# INFORMATION PROVIDED
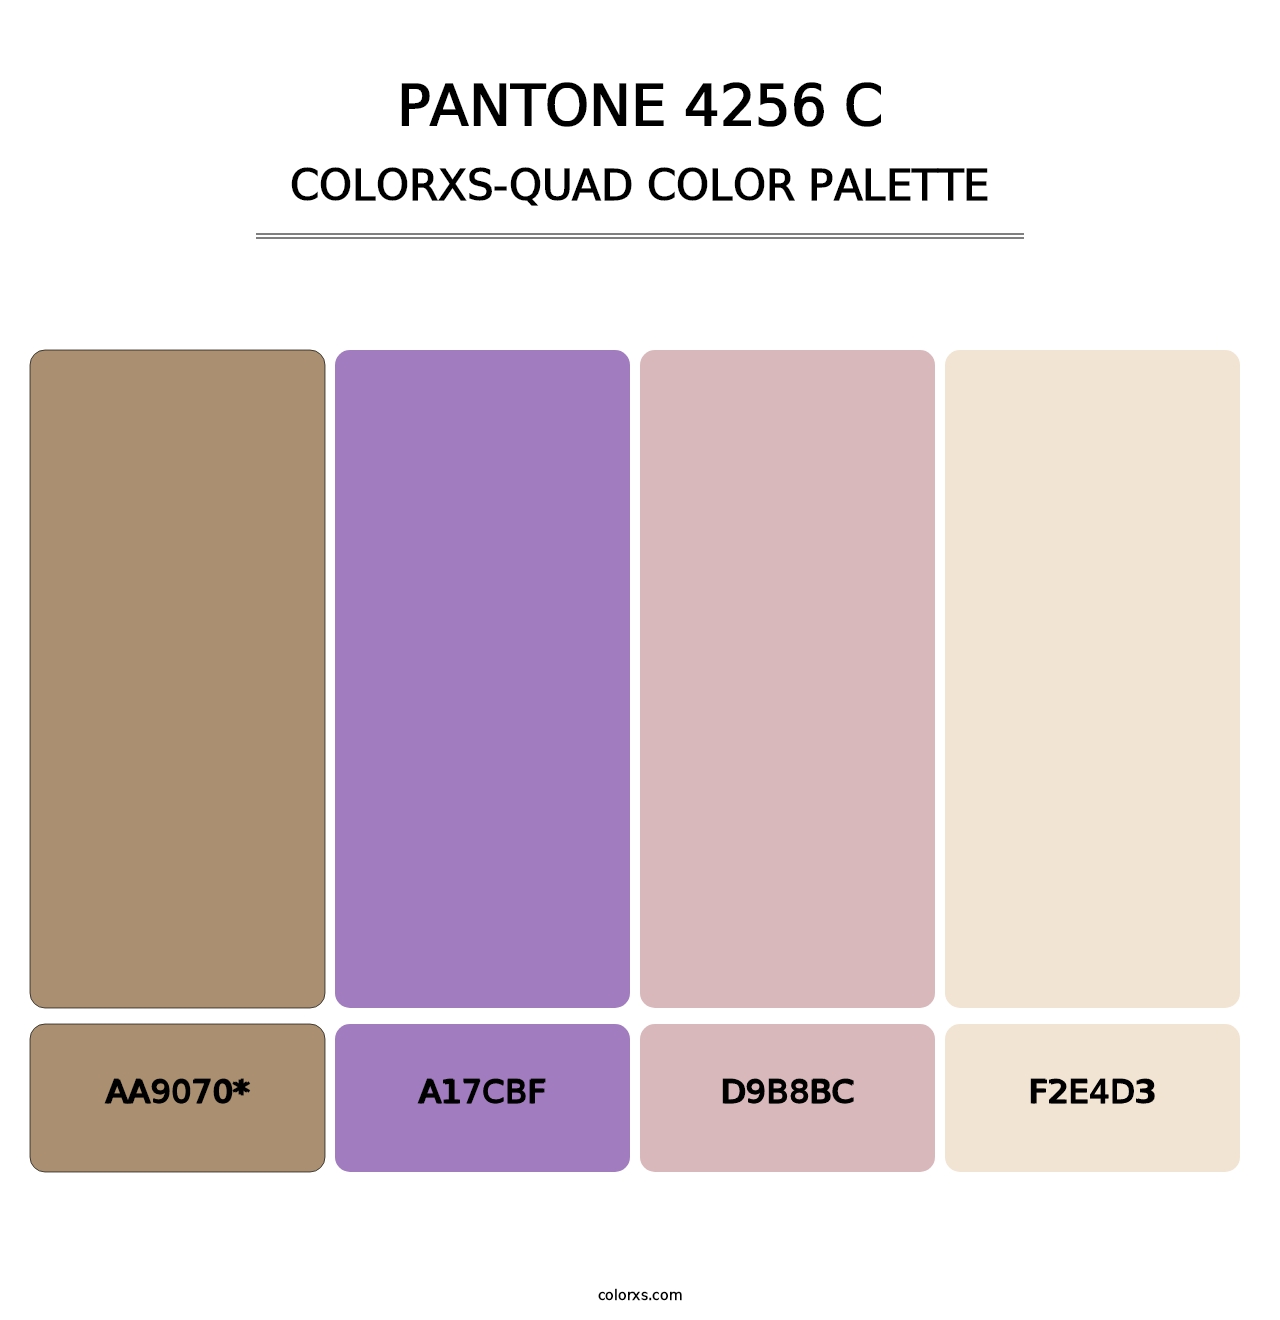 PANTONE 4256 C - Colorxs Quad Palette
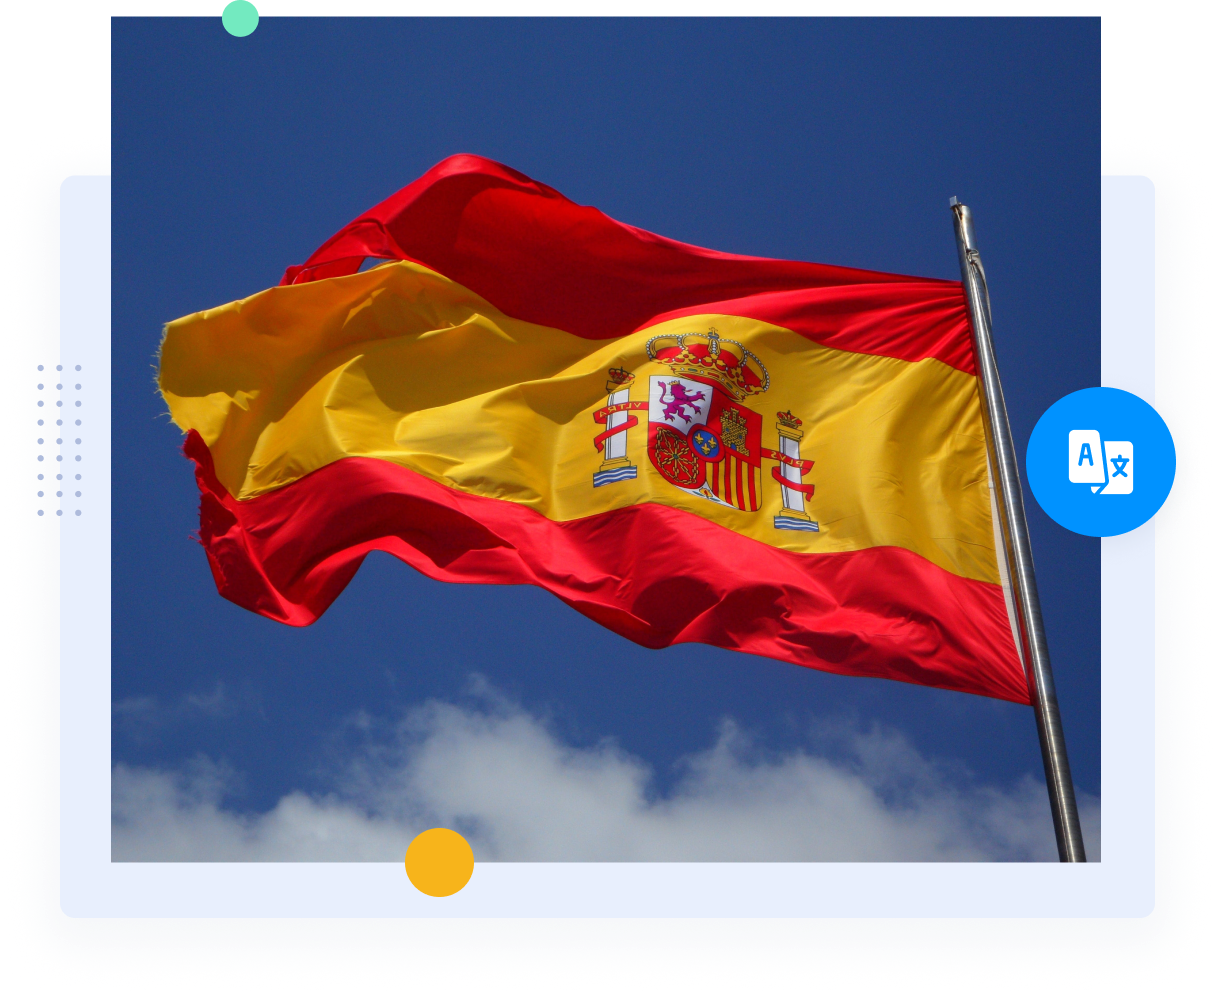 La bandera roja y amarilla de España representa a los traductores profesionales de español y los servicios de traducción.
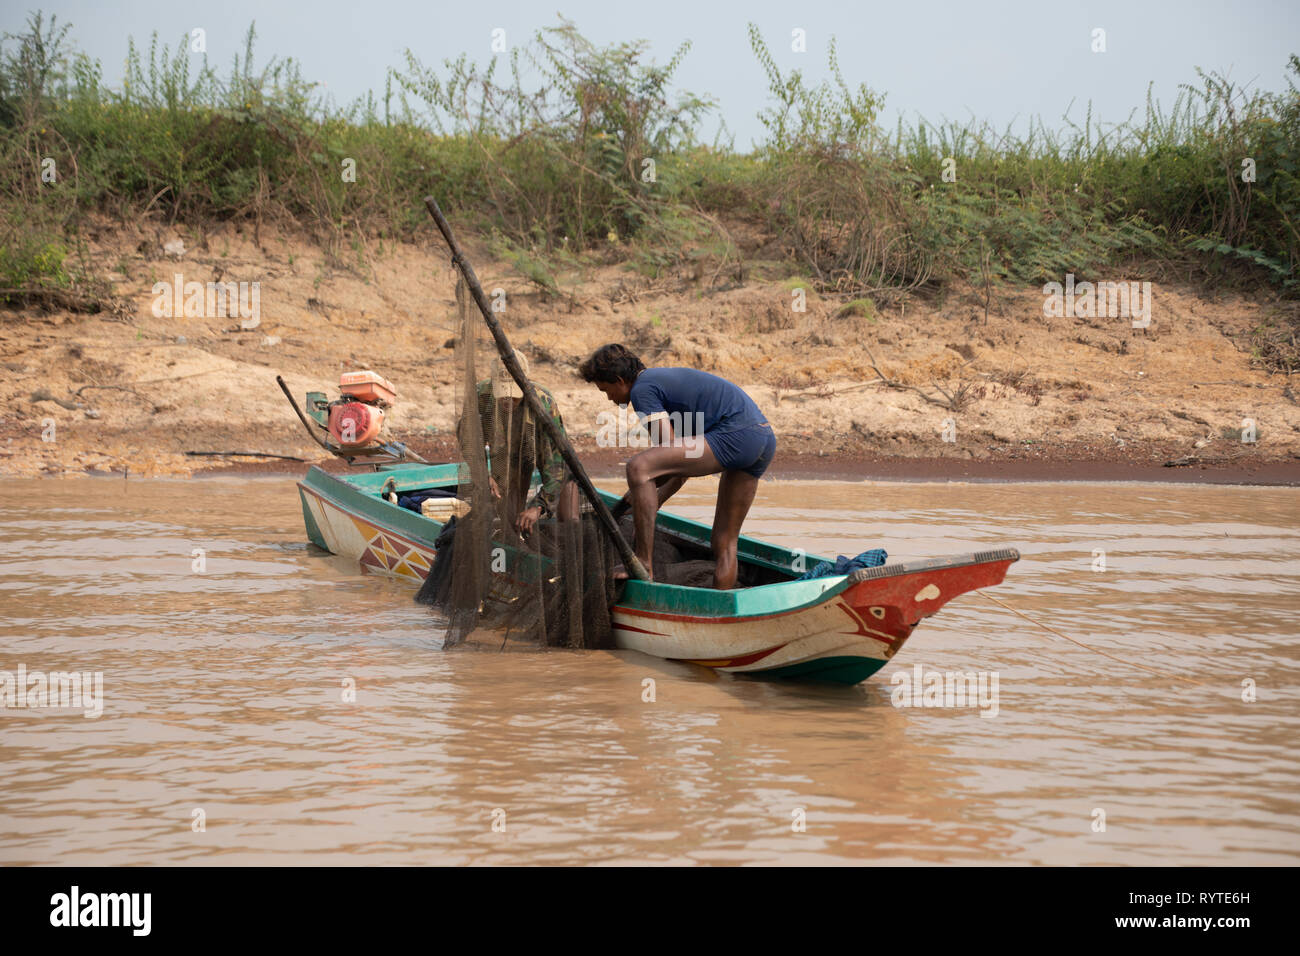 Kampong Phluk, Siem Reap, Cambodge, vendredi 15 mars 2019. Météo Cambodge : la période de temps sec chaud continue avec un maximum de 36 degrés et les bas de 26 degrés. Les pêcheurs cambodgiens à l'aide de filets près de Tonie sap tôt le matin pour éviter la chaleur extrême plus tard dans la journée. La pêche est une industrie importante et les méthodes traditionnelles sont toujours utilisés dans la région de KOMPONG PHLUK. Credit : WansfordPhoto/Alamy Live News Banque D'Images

# WHAT THE TASK REQUIRES
A faithful copy of all the lines above is needed, with the pictures omitted.

# THE COMPLETED TASK
 PANTONE 4256 C - Colorxs Quad Palette
 La bandera roja y amarilla de España representa a los traductores profesionales de español y los servicios de traducción.
 Kampong Phluk, Siem Reap, Cambodge, vendredi 15 mars 2019. Météo Cambodge : la période de temps sec chaud continue avec un maximum de 36 degrés et les bas de 26 degrés. Les pêcheurs cambodgiens à l'aide de filets près de Tonie sap tôt le matin pour éviter la chaleur extrême plus tard dans la journée. La pêche est une industrie importante et les méthodes traditionnelles sont toujours utilisés dans la région de KOMPONG PHLUK. Credit : WansfordPhoto/Alamy Live News Banque D'Images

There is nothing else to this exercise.